Abstract

Among the pre-Sargonid finds from several Mesopotamian sites as well ox as from Susa and Mari there are several complete or nearly complete stone vases carved with peculiar and intriguing decoration and numerous fragments of such vases. The material is nearly always a rather soft stone, varying in colour from pale bluish grey to dark brownish green, and is usually identified as steatite. Two shapes are prevalent, a cylindrical cup or vase with a flat base, the height of which is somewhat less than the diameter, and a relatively taller more graceful vase, also with a flat bottom, which is narrower at the mouth than at the base and has slightly incurving walls. We were fortunate in finding a specimen of each type in one room of Sin Temple IX at Khafajah. They are shown in Plates VIa and VII respectively.One motif, perhaps the most common in the decoration of such vases, is obviously a representation of some sort of structure consisting chiefly of wicker-work.

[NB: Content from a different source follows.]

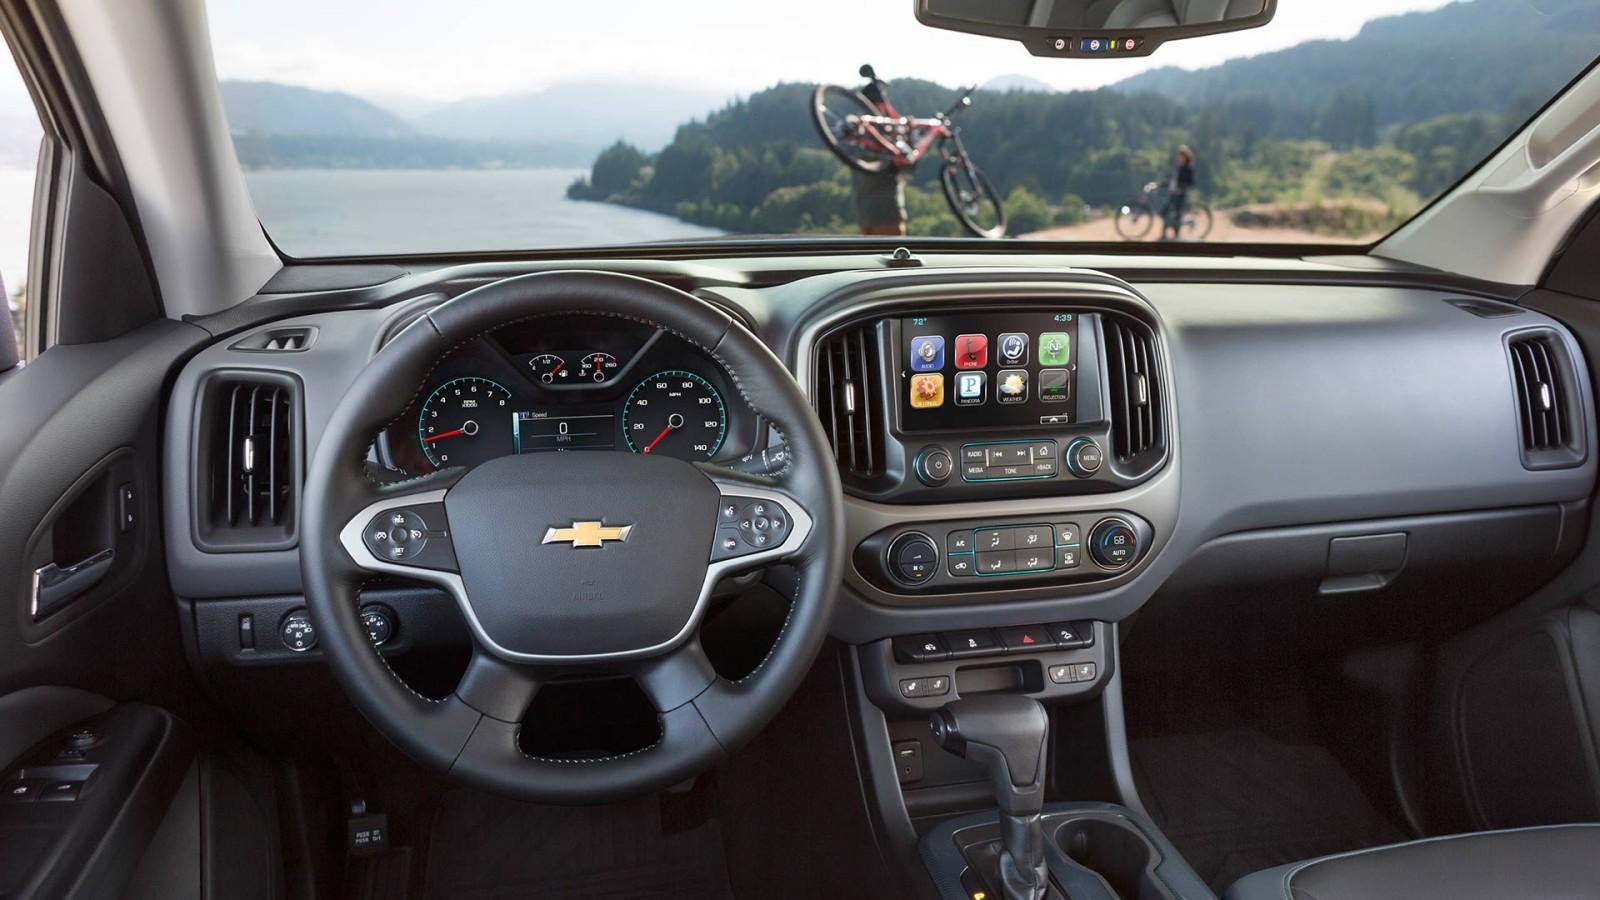 Chevrolet Colorado Lease Deals & Price   Grand Rapids MI

Sometimes it occupies the entire surface of the vessel (as in Plate VIa); occasionally it occurs in combination with other designs (as in Plate VII). It is with this motif that we are chiefly concerned here. A ubiquitous element in such representations is a panel formed by triple vertical bands on either side and a triple downcurving band at the top. Inside, at the bottom of each panel, there is what seems to be a screen consisting of a horizontal member with a crosshatched rectangle under it. Above the screen are fairly wide vertical bands which apparently are meant to be represented as being behind the screen. (In the vase shown in Plate VII they actually are carved on a somewhat deeper surface than either the frame or the screen.)